Afrika’daki eşitsizlik, büyük ölçüde yapısal faktörlerden kaynaklanmaktadır. Ekonomik politikalar, nüfusun çoğunluğu, küçük işletmeler ve kayıt dışı çalışanlar aleyhine en zengin insanlara orantısız fayda sağlamıştır. IMF ve Dünya Bankası gibi aktörlerin dayattığı neoliberal ekonomik politikalar, daha çok zarar vermiştir. 1980’ler ve 1990’lardaki yapısal uyum programlarının etkileri hala devam etmekte olup, güncel borç krizi ise bölgeye sıklıkla IMF tarafından dayatılan zararlı kemer sıkma politikalarının geri dönüşüne yol açmıştır. Bu politikalar arasında bütçe kesintileri, düşük gelirli insanlar üzerindeki dolaylı vergilerin artırılması, temel kamu hizmetlerinin özelleştirilmesi ve sübvansiyonların kaldırılması yer almaktadır.

Servet eşitsizliğinin artması, sadece üstün çalışma ahlakı veya doğal yeteneklere bağlanamaz. Oxfam araştırmaları, dünya milyarderlerinin servetinin üçte ikisinden fazlasının himayecilik, yolsuzluk, tekel gücünün kötüye kullanılması ve miras yoluyla elde edildiğini göstermektedir. Özellikle Afrika’da, servet yoğunlaşması ve siyasi ele geçirme, yoksulları destekleyen hükümet politikalarını ve kamu kurumlarının etkinliğini baltalamaktadır. Örneğin, Afrika’nın en zengin adamı Aliko Dangote, 2000’lerin başında kamuya ait işletmelerin özelleştirilmesinden faydalanmış ve hükümet politikaları, şirketi Dangote Cement’in kâr marjlarını artırmıştır. 2016’da şirketin Nijerya’da ödediği fiili vergi oranı sadece %2 iken, net karı %86 olarak beyan edilmiştir.

Afrika Birliği, eşitsizlik sorununu kabul etmiş ve 2024’te, iddialı Gündem 2063 kalkınma planının bir parçası olarak, önümüzdeki on yılda eşitsizliği %15 azaltma hedefi belirlemiştir. Ancak, bu hedefe ulaşmak, çoğu Afrika hükümeti için radikal bir rota değişikliği gerektirecektir.

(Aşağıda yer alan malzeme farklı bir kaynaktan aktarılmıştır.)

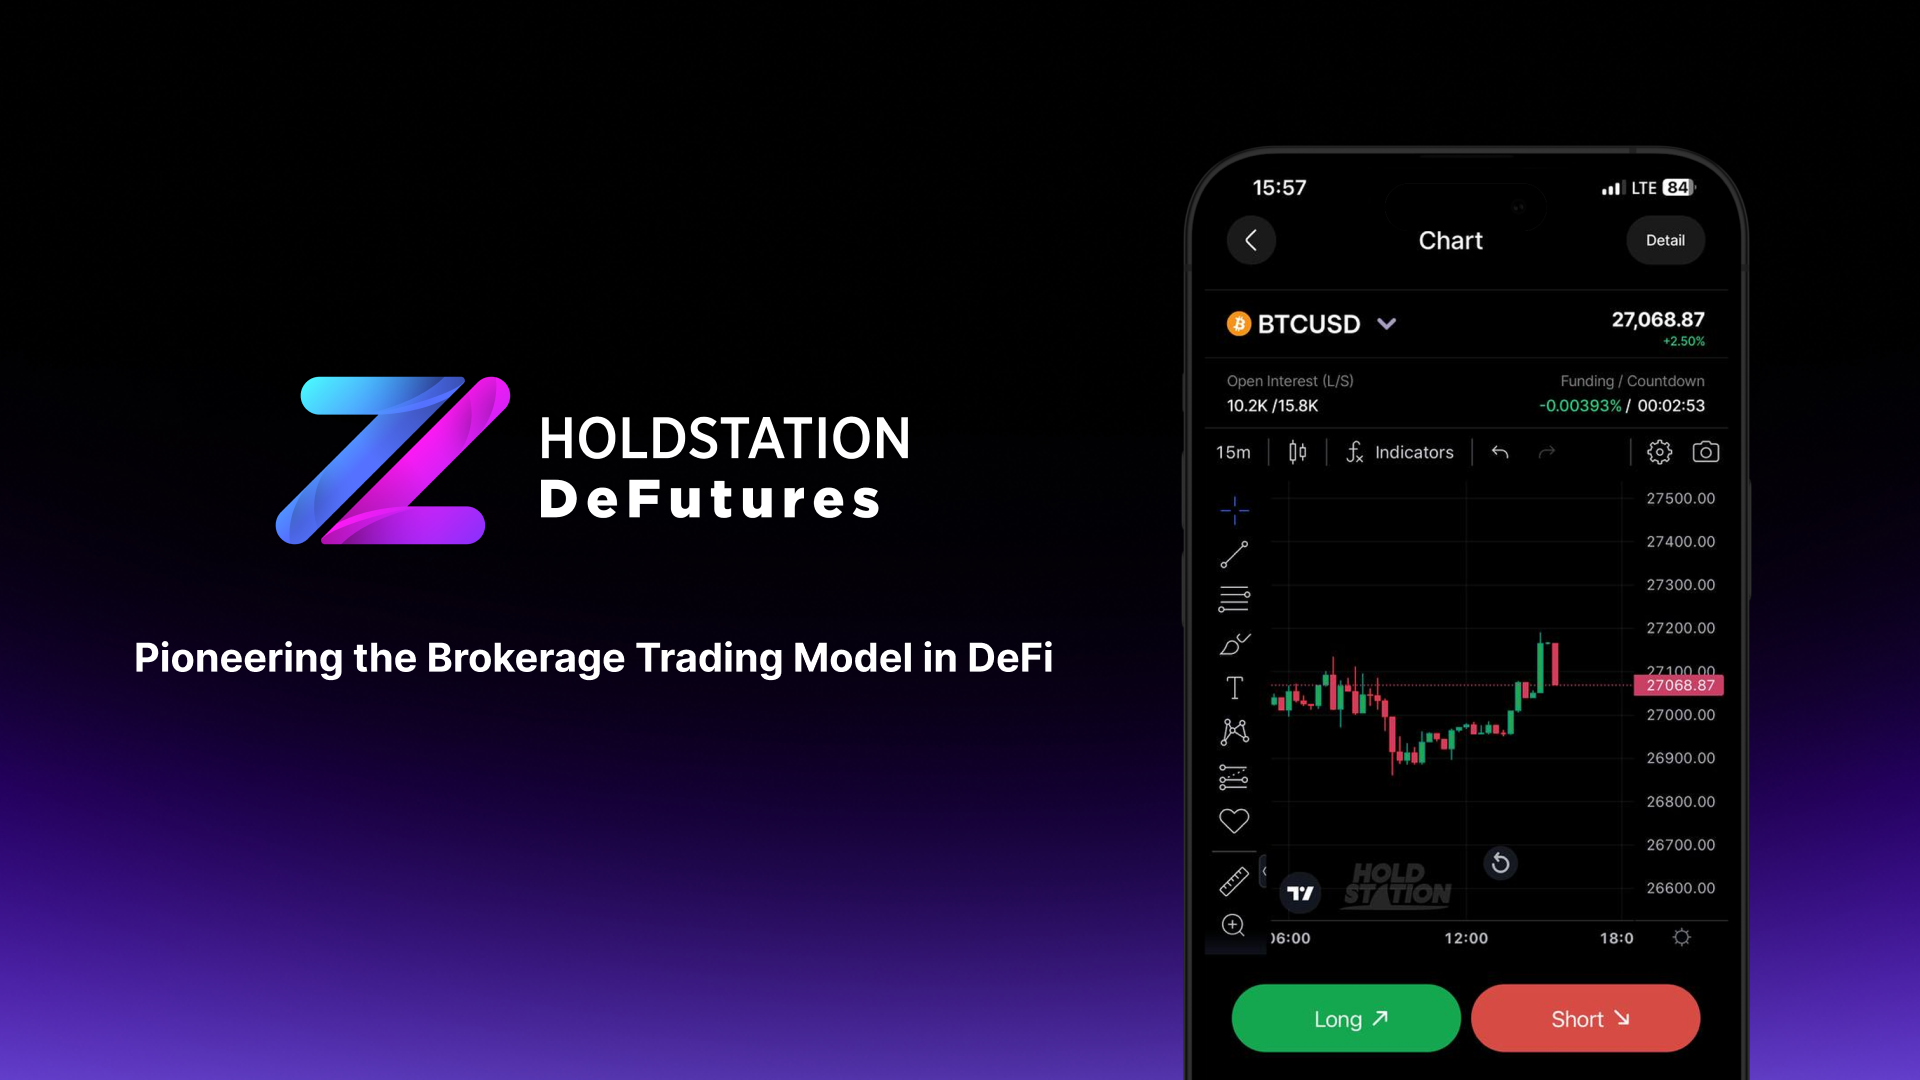 Holdstation Defutures: Pioneering the Brokerage Trading Model in DeFi

2024 Eşitsizliği Azaltma Taahhüdü (CRI) Endeksi bulguları, dünya genelindeki hükümetlerin eşitsizliği azaltıcı politikaları uygulamakta başarısız olduğunu ve Afrika’nın özellikle kötü bir performans sergilediğini göstermektedir. 2022 CRI’ye kıyasla:

  • Afrika ülkelerinin %89’u bir veya daha fazla göstergede gerilemiştir.
  • CRI tarafından değerlendirilen tüm Afrika ülkeleri, bütçelerinin eğitim, sağlık ve/veya sosyal koruma paylarını kesmiştir.
  • %79’u ilerici vergilendirme tedbirlerinde geri adım atmıştır.
  • %89’u işçi hakları, asgari ücretler ve kaliteli istihdam sağlama konusunda gerilemiştir.

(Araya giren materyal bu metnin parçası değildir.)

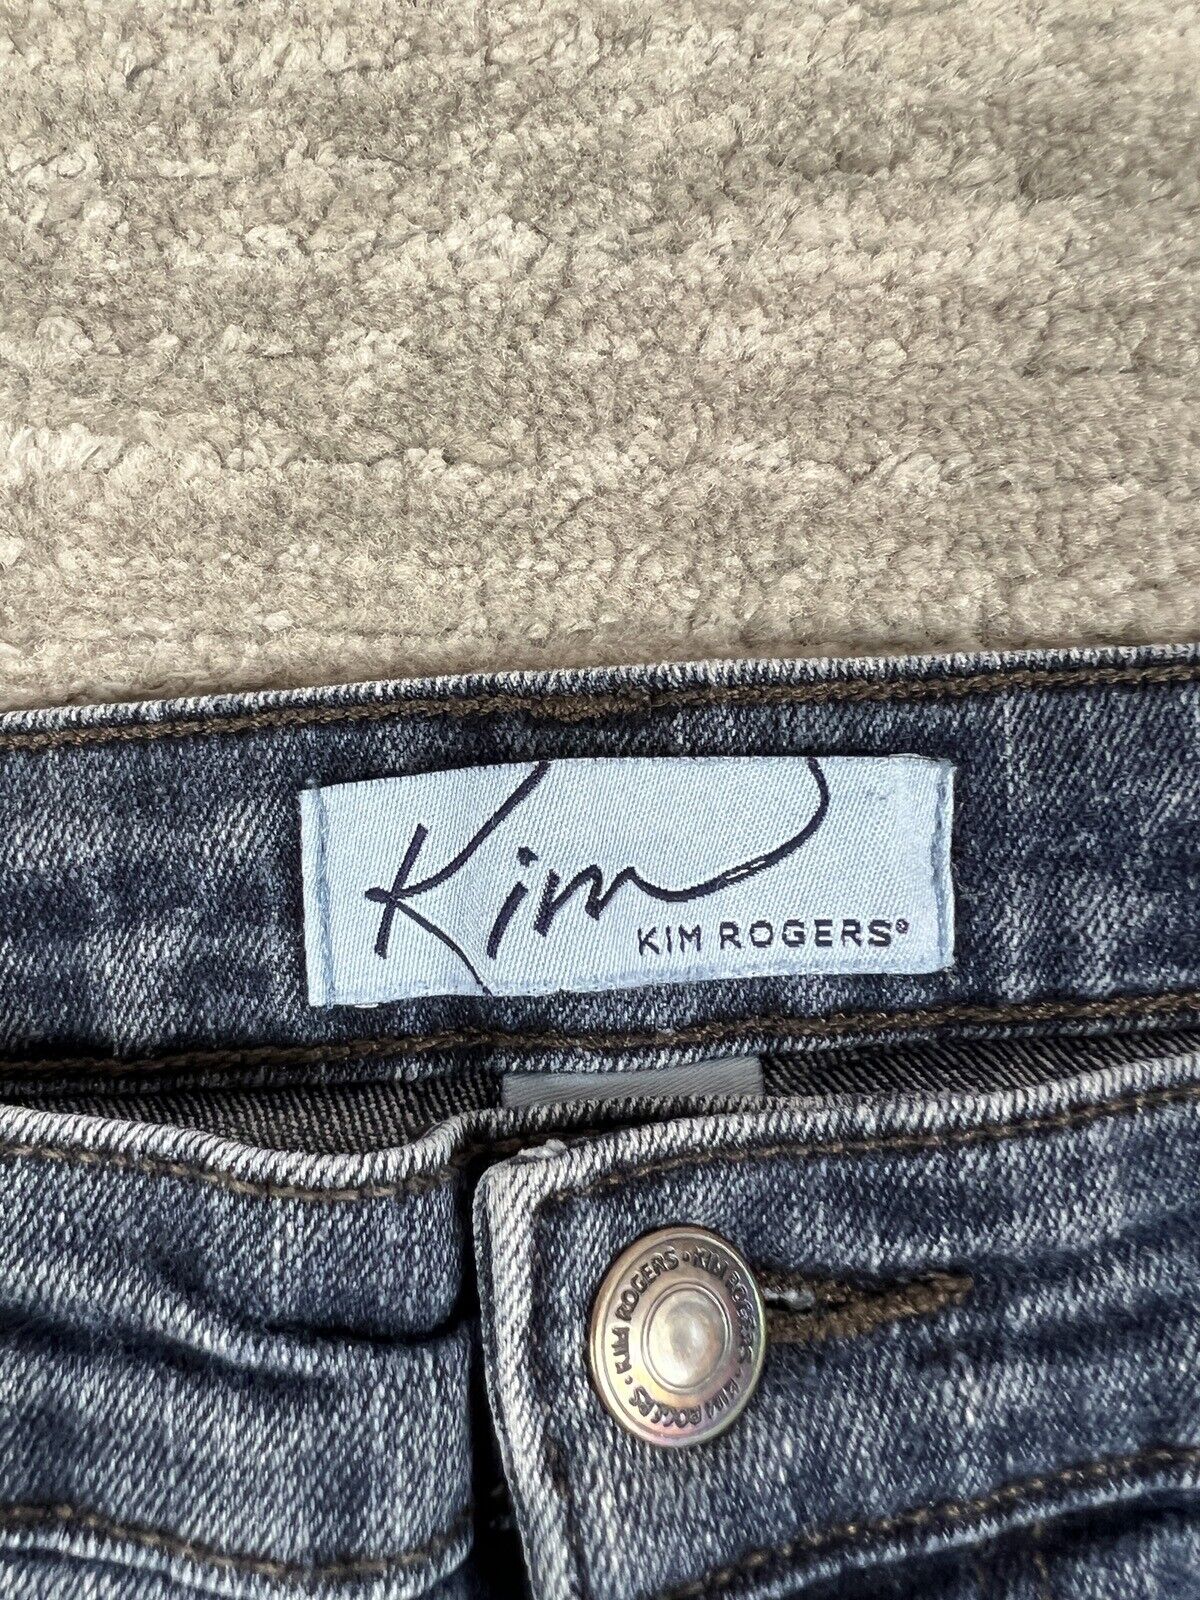 Kim Rogers Jeans Womens 10 Blue Denim Straight Ca… - image 10

Afrika’daki kamu hizmetleri harcamaları son derece düşüktür. Afrika ülkeleri, bütçelerinin ortalama sadece üçte birini eğitim, sağlık ve sosyal koruma birleşimine ayırmaktadır, bu oran Güney Asya hariç diğer tüm bölgelerden daha düşüktür. Kamusal hizmet kapsamı Afrika’da en düşüktür: Yaşlıların sadece üçte biri emekli maaşı alırken, bu oran dünya genelinde neredeyse %60’tır. Sonuç olarak, kamu hizmetlerinin eşitsizlik üzerindeki etkisi dünya ortalamasının yarısı kadardır. Namibya gibi bazı ülkeler bütçelerinin %55’ini kamu hizmetlerine ayırarak bu alanda öne çıkarken, Güney Sudan ve Nijerya gibi ülkeler beşte birden azını harcamaktadır.

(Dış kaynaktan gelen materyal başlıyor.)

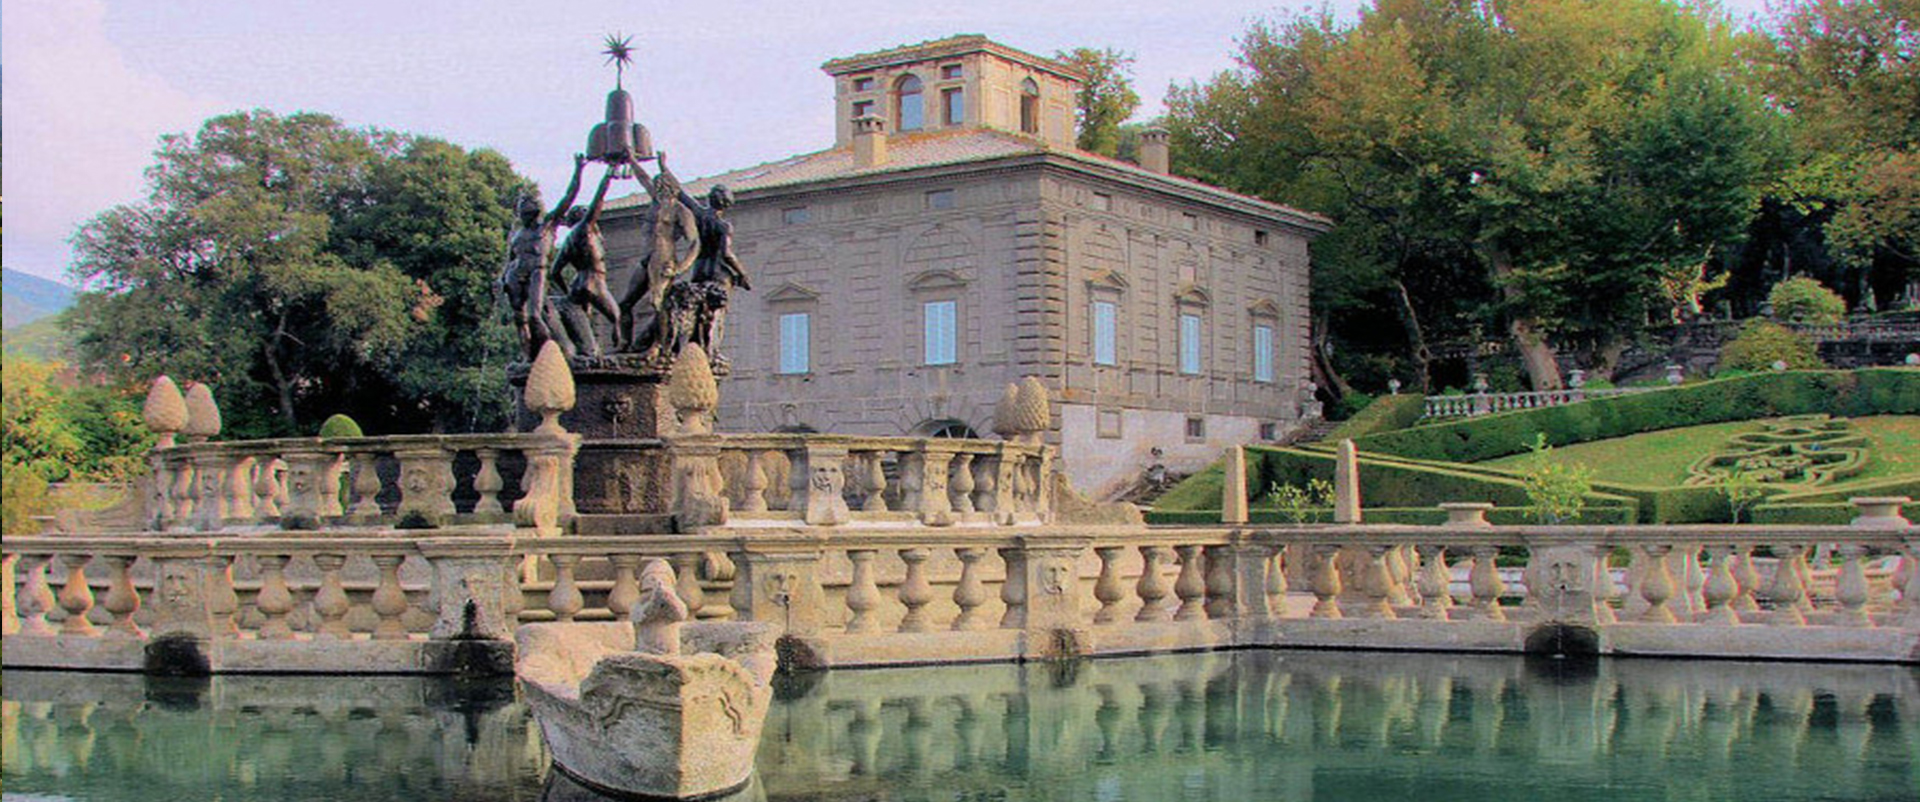 Villa Lante - VT - La Fontana dei Mori e la palazzina Montalto

Eğitim harcamaları, Afrika hükümetlerinin bütçelerinin ortalama %15’ini oluştururken, bu oranın yarısından fazlası bu referans noktasının altındadır. Kişi başına düşen eğitim harcamaları ise yaklaşık on yıldır 100 ABD dolarında kalmıştır. Afrika’daki haneler toplam eğitim harcamalarının %27’sini karşılamaktadır. Sağlık harcamalarında da durum benzerdir; Afrika, diğer bölgelere göre en az harcama yapan ikinci bölgedir. Sosyal koruma harcamaları ise bütçelerin %8,4’ü ile yine en düşükler arasındadır.

İşgücü piyasasında da önemli sorunlar bulunmaktadır. Afrika, dünyada en yüksek savunmasız istihdam oranına sahiptir. Beş ülkeden dördünde savunmasız istihdam oranları %50’nin üzerindeyken, üç ülkeden beşinde bu oranlar %66’nın üzerindedir. Bu durum, işçilerin istismara açık olmasını sağlamaktadır.

Süper Zenginleri Vergilendirerek Eşitsizlikle Mücadele

Afrika ülkeleri, GSYİH’lerinin %16’sı ile diğer tüm bölgelerden en düşük vergi toplama oranına sahiptir. Yüz elli bir ülkenin vergi sistemleri üzerinde yapılan bir inceleme, Afrika’nın 1980’den bu yana etkili vergi oranlarını artırmayan tek bölge olduğunu ortaya koymuştur. Bu, Afrika’nın Sürdürülebilir Kalkınma Hedeflerine (SKH’ler) ulaşmak için en büyük finansman açığıyla karşı karşıya olduğu göz önüne alındığında endişe vericidir.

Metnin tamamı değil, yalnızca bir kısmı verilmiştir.